As a long-time admirer of Donella Meadows’s work, and knowing that she died much too young in 2001, I was surprised and enormously gladdened to learn that another book of her work had been published. Shortly before her death, Meadows had all but completed Thinking in Systems: A Primer (Chelsea Green Publishing, 2008), which has now been edited by Diana Wright and released by the Sustainability Institute.
Meadows is probably most widely familiar as the lead writer of the Club of Rome’s prescient The Limits to Growth (Universe Books, 1972), together with updated versions of the book published in 1992 and 2004. The book continues to stir controversy almost 40 years after the authors’ original research, because it offers up the most profound of inconvenient truths: Population overshoot is almost certainly going to wreak tremendous havoc on humanity, and its effects will almost certainly occur during the lifetime of people now living.
TEAM TIP
Donella Meadows’s engaging “Global Citizen” articles are as relevant today as when she first wrote them. Use them to explore different applications of systems thinking in global systems and in daily life: http://www.sustainer.org/dhm_archive/
The latest edition of Limits suggests that there is some small reason for hope grounded in our global response to ozone depletion. Recent international agreements show that we are able to move politically and cooperatively to address a common crisis. That hope is somewhat diminished by the fact that we don’t yet know if our concerted response will prove sufficient, but we at least have earned an “A” for effort.

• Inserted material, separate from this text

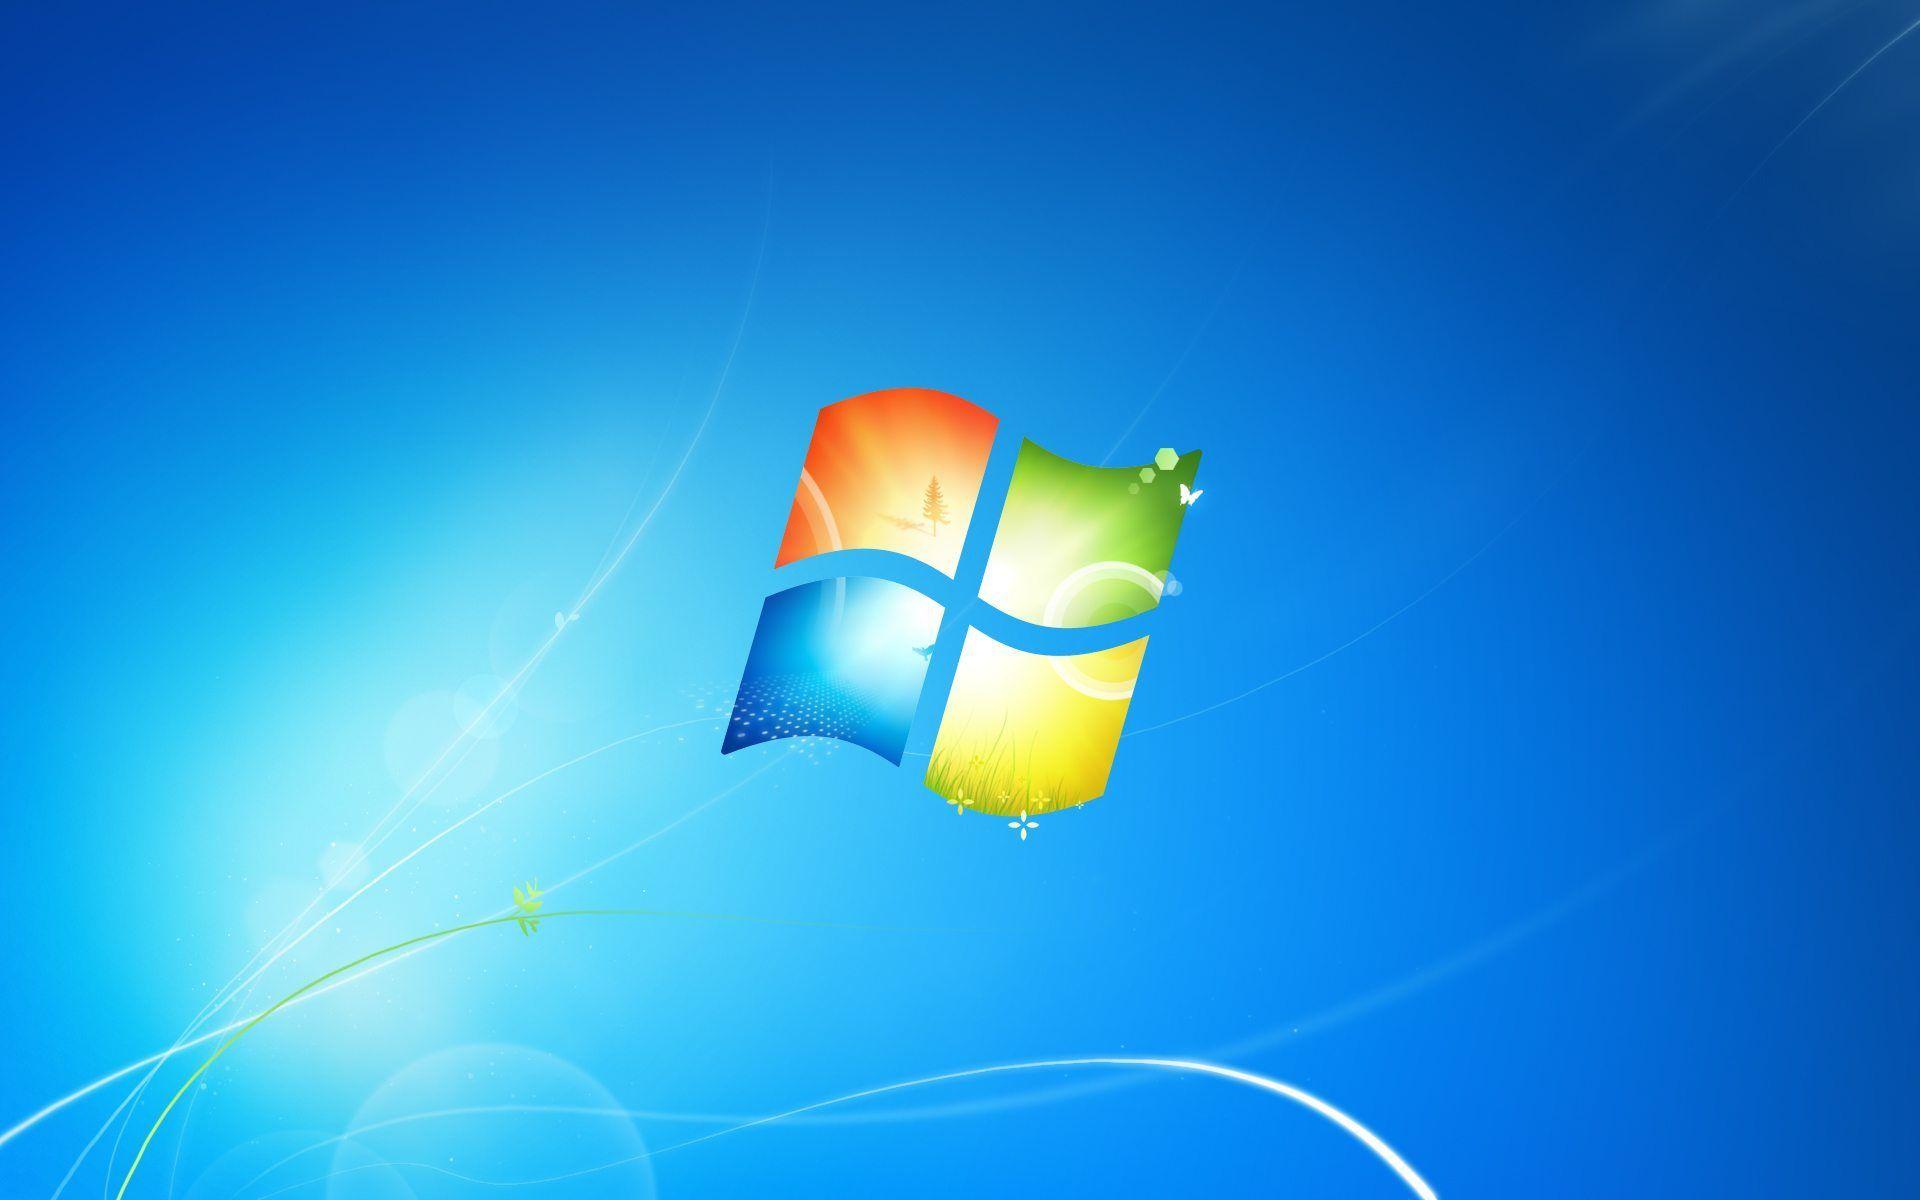 Sự thật đáng nể: Hình nền Windows 10 hoàn toàn được làm bằng thủ công
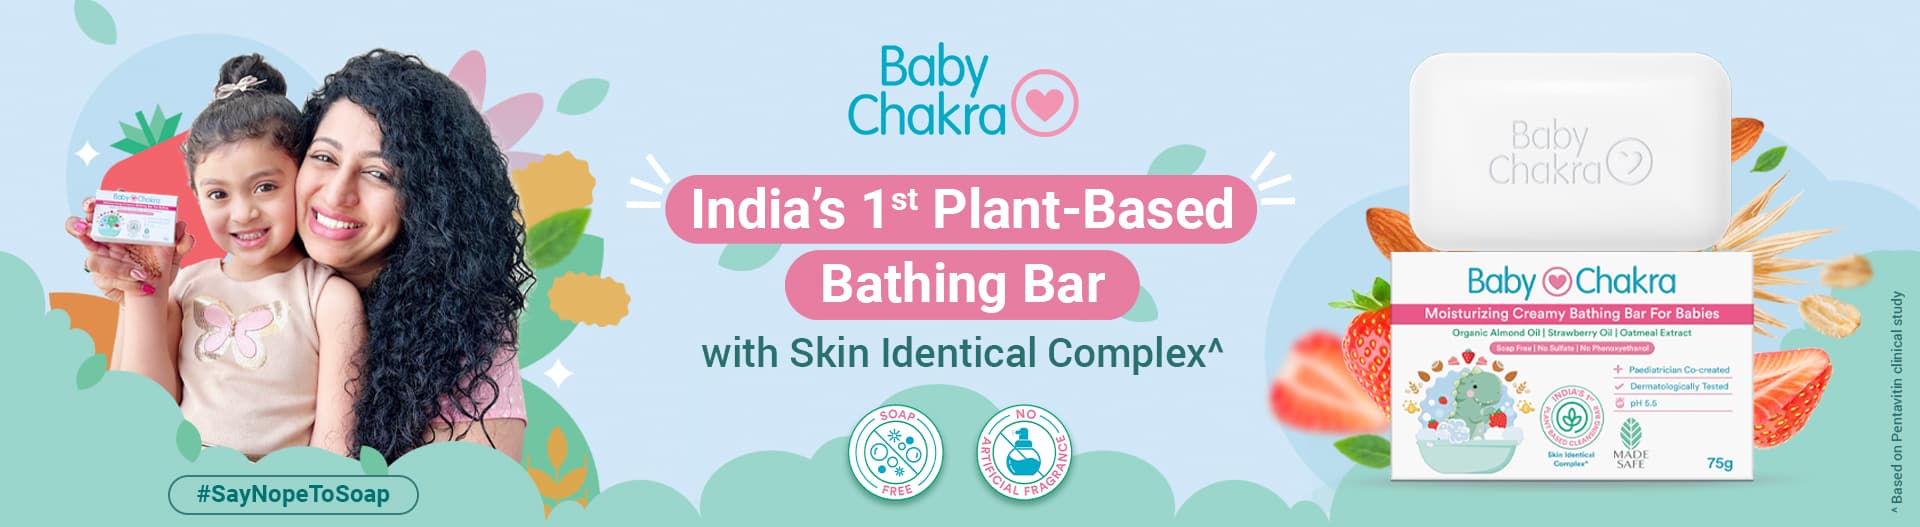 BabyChakra Moisturizing Creamy Bathing Bar Pack of 2

That problem—our response to global climate change and the ramifications of planet-threatening emissions—is illustrative of the core story Meadows offers in her latest book. Systems have inputs and outputs that we can learn to measure and interpret, but all systems are interactive and therefore enormously complicated at the biggest scale. We can gain a great deal through study of systems theory, especially the fact that we ignore the macro at our peril.
Pushing the Lever
Whereas Limits addresses our global predicament with possible responses and outcomes based on computer modeling, Thinking in Systems is focused on methodology and will become recognized as Meadow’s masterwork. The book has been accurately likened to Silent Spring for its breadth and clear explication of profound truths about the world. Meadows explains systems in easy-to-understand steps that shed the math and jargon of more technical texts but without dumbing down the material. The reader exits the book with a much deeper understanding of how systems operate, from the simplest to the most complex. Ever the wise teacher, Meadows shows how to look at malfunctioning systems, whether in your home, business, town, or planet, and find the pressure points where it is possible to make a difference. She explains how and why we smart human beings so often recognize exactly the place where we should push a lever—and almost always push it the wrong way.
Meadows’s knack, illustrated over her entire career in her teaching, farming, research, lectures, newspaper columns, and books, is to explain complicated ideas with everyday examples. One thread in the current title involves a car dealer who attempts to keep a steady supply of vehicles on her lot. At the simplest level, the system consists of noticing sales and ordering replacements: Cars on the lot comprise the stock, deliveries from the manufacturer are the input, and sales are the output.
Keeping stock steady might appear to be a simple goal, but as we move through the lessons, the author tosses in complications that move the model closer and closer to the real world. Sales are not predictable, and guessing at future output depends on evaluation of past performance, the general economy, and much else. Delivery time may vary, perhaps in reaction to output: If sales of a particular model are up nationally, the factory might be struggling to fill orders. Step up again, and we notice that the assembly plant depends on parts from manufacturers with their own demand and delivery issues. The supply of parts may be mediated by resource depletion and energy input, while auto sales may fluctuate because of gas prices determined in part by wars in the Mideast and hurricanes in the Gulf of Mexico.
Meadows’s genius lay in turning such complexities into meaningful vernacular, and the book is deep without being impenetrable. It’s full of wonderful “Aha!” moments. Meadows is gone, but she left us with the tools to fix our lives and our world. It’s time to get to work.
Cecil Bothwell is a journalist. His most recent book is Pure Bunkum: Reporting on the life and crimes of Buncombe County Sheriff Bobby Lee Medford (Brave Ulysses Books, 2008).